Hello, I have a few questions about ROOT MLP package.
Maybe somebody who understands it better can answer it.

  1. What is the meaning of weights in a call to train NN?

    For example, after styling my program after the tutorial
    mlpHiggs.C, I define NN as:

    TMultiLayerPerceptron *mlp = new TMultiLayerPerceptron
    (“int1,int2,int3,int4,int5,npeaks:5:3:type”,
    “weight”,simu,“Entry$%2”,"(Entry$+1)%2");

    Now, when I set weight=1 for all events, everything is OK.
    I tried to set the weights in such a way that event that is
    more probable to be a signal has larger weight, but then
    the learing failed. Why? I guess, I misunderstand the
    meaning of “weight” variable?

  2. Can the weight be omitted? E.g. can I have a NN definition
    like

TMultiLayerPerceptron *mlp = new TMultiLayerPerceptron
(“int1,int2,int3,int4,int5,npeaks:5:3:type”,
,simu,“Entry$%2”,"(Entry$+1)%2");

  1. What is the meaning of normalization? What is normalized
    to what? Will the definitions

    TMultiLayerPerceptron *mlp = new TMultiLayerPerceptron
    (“int1,int2,int3,int4,int5,npeaks:5:3:type”,
    “weight”,simu,“Entry$%2”,"(Entry$+1)%2");

and

TMultiLayerPerceptron *mlp = new TMultiLayerPerceptron
("@int1,@int2,@int3,@int4,@int5,@npeaks:5:3:type",
 "weight",simu,"Entry$%2","(Entry$+1)%2");

produce different results? I can see any significant difference
in my example …

  1. in the call

mlp->Evaluate(0,params)

what is the meaning of the first variable (index)? I use
the value 0 as in the ROOT tutorials example mlpHiggs.C,
but I don’t really understad why …

  1. OK, what is the smartest way to define the NN? How many
    hidden layers and how many neurons in hidden layers
    will give the best results? Can somebody suggest
    Getting-Started/Simple-and-Elementary introduction
    (book/article/paper/URL) to designing NN that best
    fits the problem at hand?

    Or is everything just trial and error? (I doubt that …)

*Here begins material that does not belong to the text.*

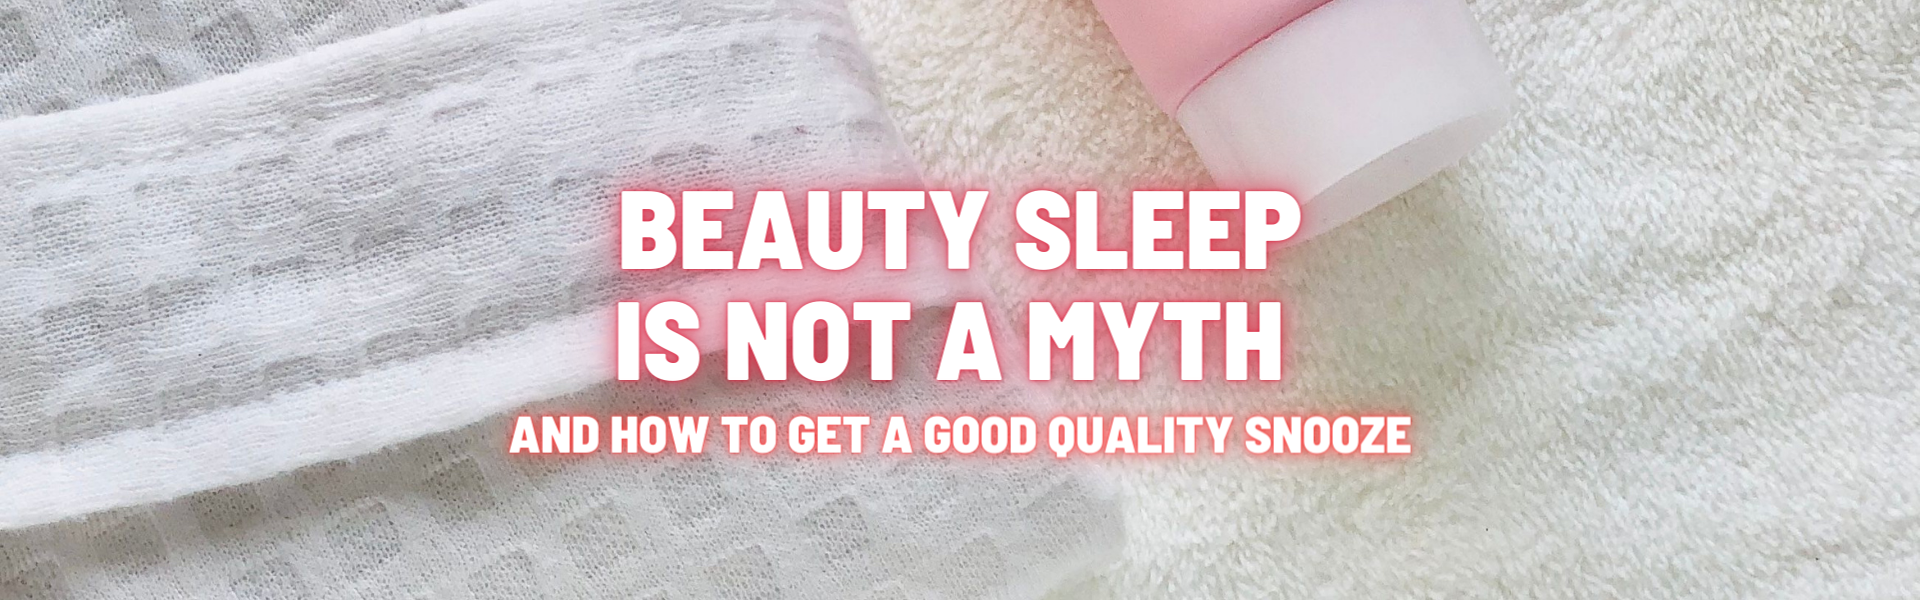 Beauty Sleep is not a MYTH!

                                       Cheers, Emil

[quote=“emil”]1. What is the meaning of weights in a call to train NN?

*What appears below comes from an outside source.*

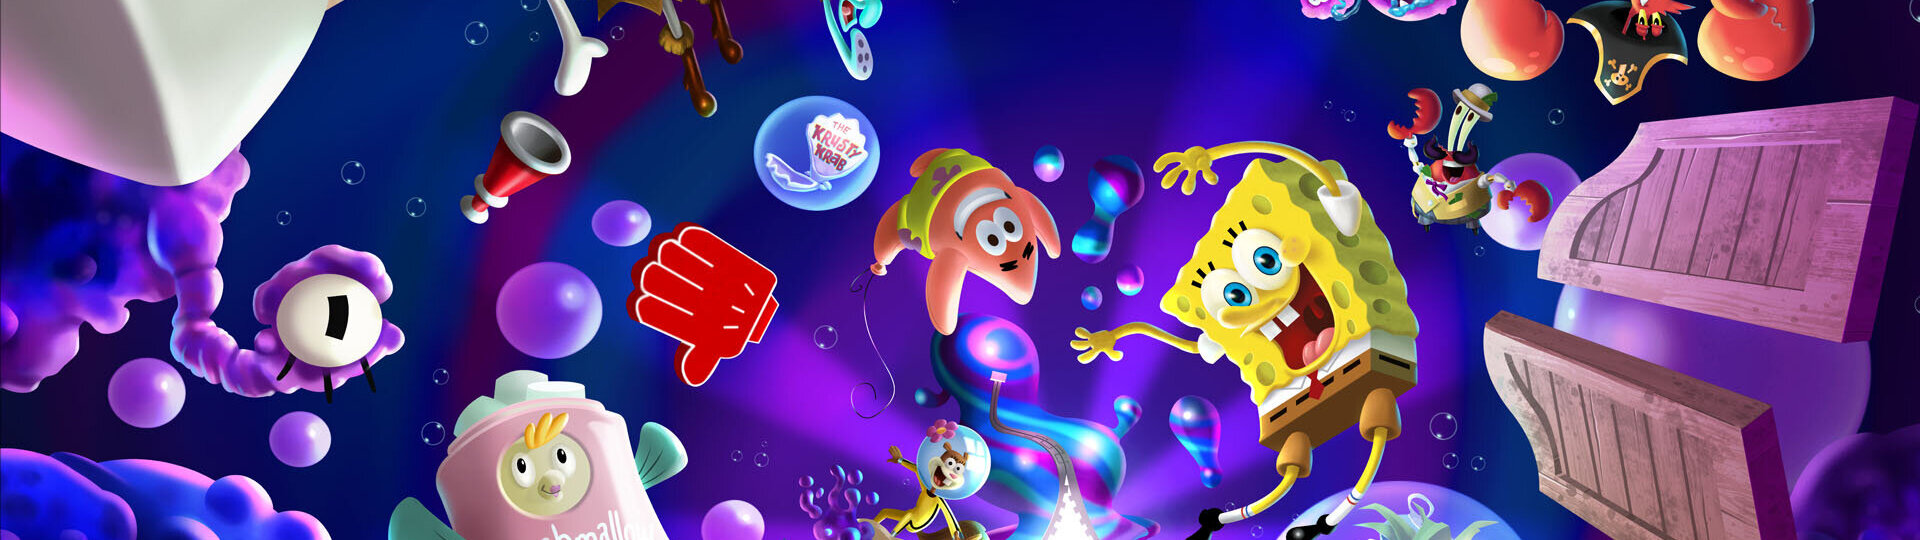 Na konci měsíce vyrazí SpongeBob do nových dimenzí | Videa

For example, after styling my program after the tutorial  
mlpHiggs.C, I define NN as:

TMultiLayerPerceptron *mlp = new TMultiLayerPerceptron
("int1,int2,int3,int4,int5,npeaks:5:3:type",
 "weight",simu,"Entry$%2","(Entry$+1)%2");

[/quote]
The weight allows you to give more importance to some events during the learning process. This can be used if you have events with different probabilities (or cross-sections), or if your training sample has more events of type “0” than events of type “1”. When you train a network to distinguish signal from background, you must take care to have Integral(Signal)~Integral(Background) to obtain a well-behaved NN.

There are two constructors without the weight: TMultiLayerPerceptron(const char* layout, TTree* data = 0, const char* training = "Entry$%2==0", const char* test = "", TNeuron::NeuronType type = TNeuron::kSigmoid, const char* extF = "", const char* extD = "") TMultiLayerPerceptron(const char* layout, TTree* data, TEventList* training, TEventList* test, TNeuron::NeuronType type = TNeuron::kSigmoid, const char* extF = "", const char* extD = "")Please refer to the reference guide.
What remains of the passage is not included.